И Хадиджа, и Амина одновременно воскликнули:
— К Кишкиш-беку?!
Это имя не было для них в новинку; его песни пел всякий, кому не лень, но несмотря на всё это, он казался таким же недосягаемым, как герой сказок. То, что Ясин со своей женой отправились к нему, — очень серьёзное дело, всё равно что сказать «пошли под трибунал». Мать посмотрела на Хадиджу, потом на Фахми и с каким-то видимым страхом спросила:
— А когда они вернутся?…
Фахми с бессмысленной улыбкой, игравшей на губах, ответил ей:
— После полуночи, а то и вовсе к утру.
Мать отослала служанку и подождала, пока стихнут её шаги, а затем с волнением сказала:
— Что стряслось с Ясином?!.. Он сидел здесь, среди нас в трезвом уме… Разве он больше не занимается счетоводством в лавке у отца?
Хадиджа в ярости ответила:
— Ясин не так глуп, чтобы самому решиться на такую прогулку.

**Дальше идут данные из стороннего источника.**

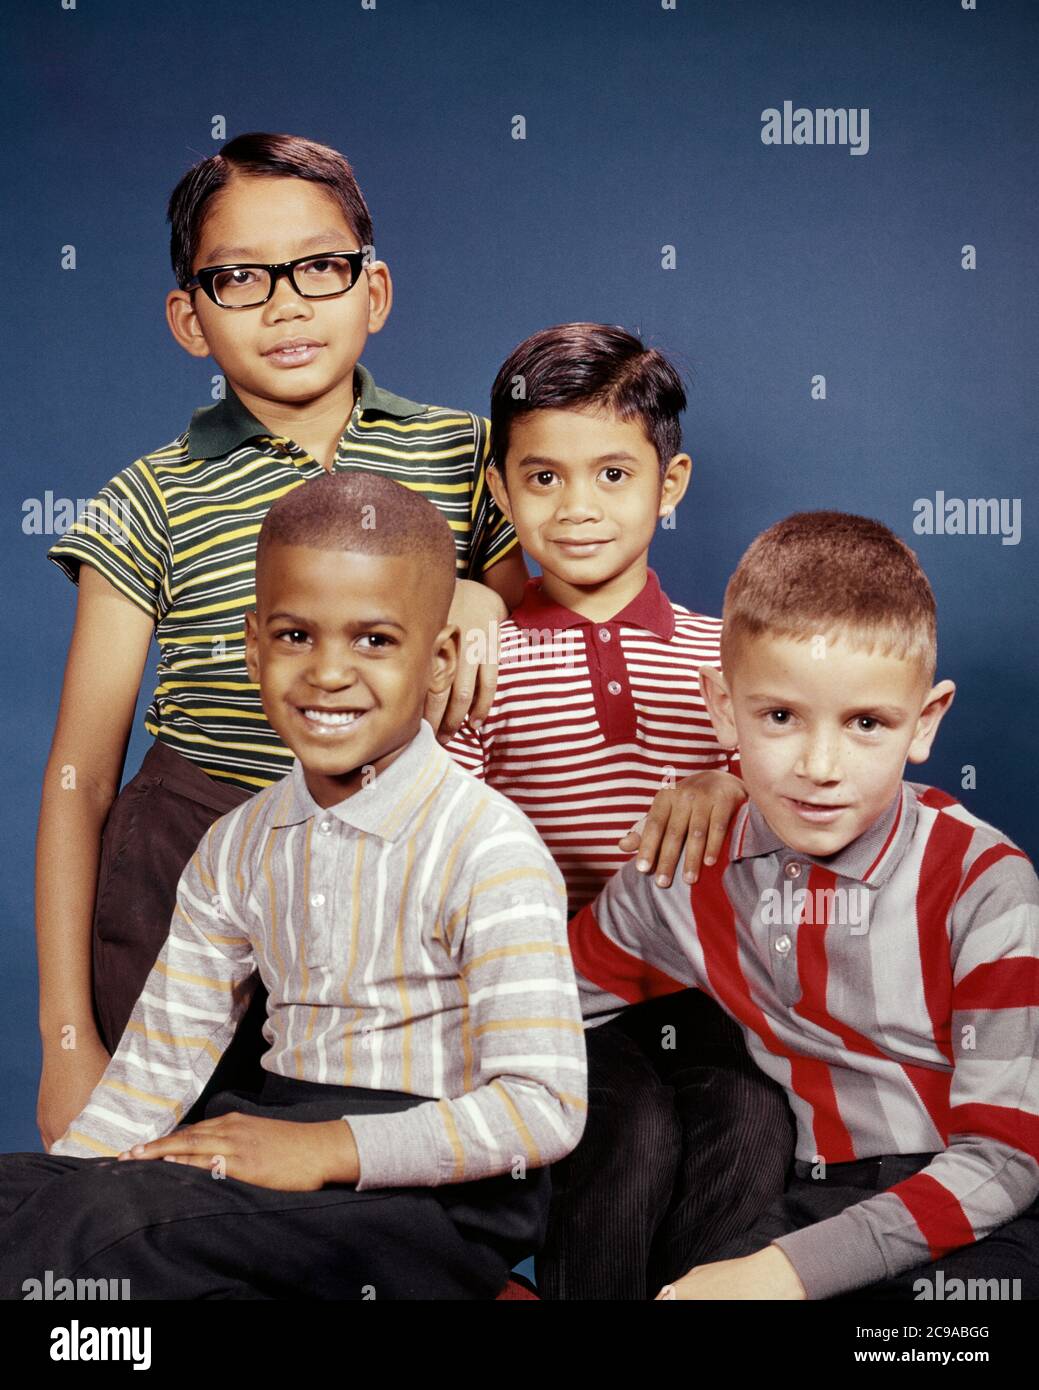 1960s PORTRAIT 4 BOYS IN STRIPED TEE SHIRTS ETHNIC RACIAL DIVERSITY ASIAN HISPANIC AFRICAN-AMERICAN CAUCASIAN LOOKING AT CAMERA - kj3810 HAR001 HARS COPY SPACE FRIENDSHIP HALF-LENGTH INSPIRATION RACIAL MALES EYE CONTACT HAPPINESS CHEERFUL ORIENTAL AFRICAN-AMERICANS AFRICAN-AMERICAN SHIRTS BLACK ETHNICITY PRIDE ASIAN AMERICAN SMILES FRIENDLY JOYFUL VARIOUS VARIED ASIAN-AMERICAN COOPERATION JUVENILES TOGETHERNESS CAUCASIAN ETHNICITY HAR001 HISPANIC ETHNICITY OLD FASHIONED AFRICAN AMERICANS Stock Photo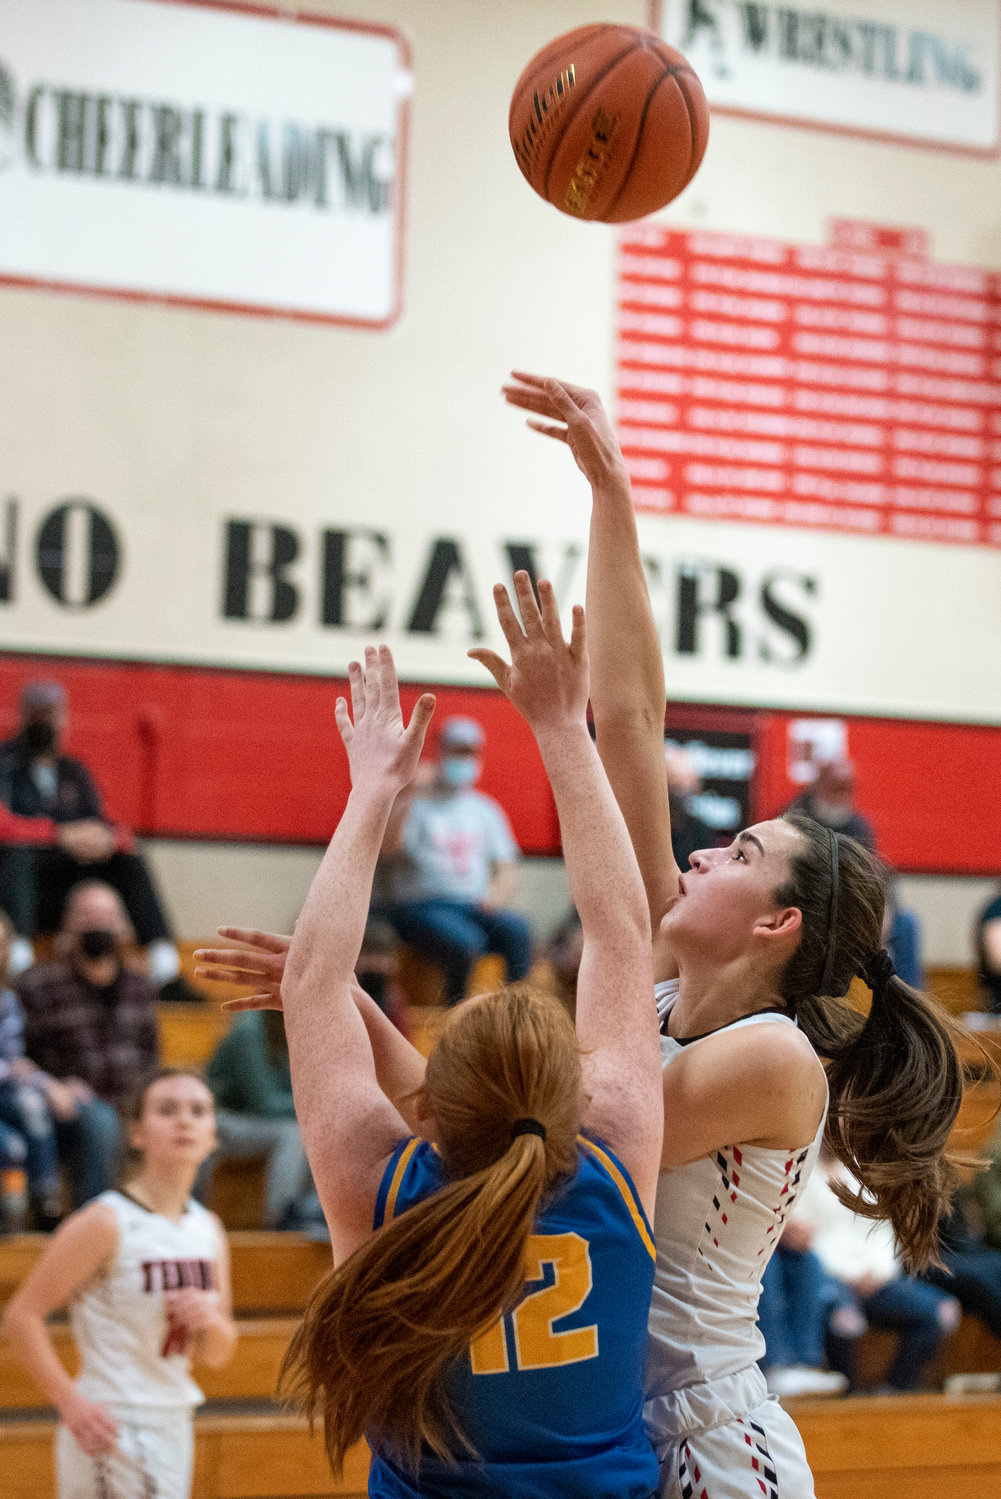 Tenino's Ashley Schow throws up a shot against Adna's Natalie Loose (12) on Dec. 14.

Он достаточно умён, однако он подчиняется жене, что для мужчины просто недостойно. Готова руку дать на отсечение, что это она его подбила.
Фахми, чтобы разрядить как-то напряжённую атмосферу, хоть по складу своему, унаследованному от матери, он и питал отвращение к подобной смелости брата, но сказал в его защиту:
— Ясину очень нравятся увеселительные заведения.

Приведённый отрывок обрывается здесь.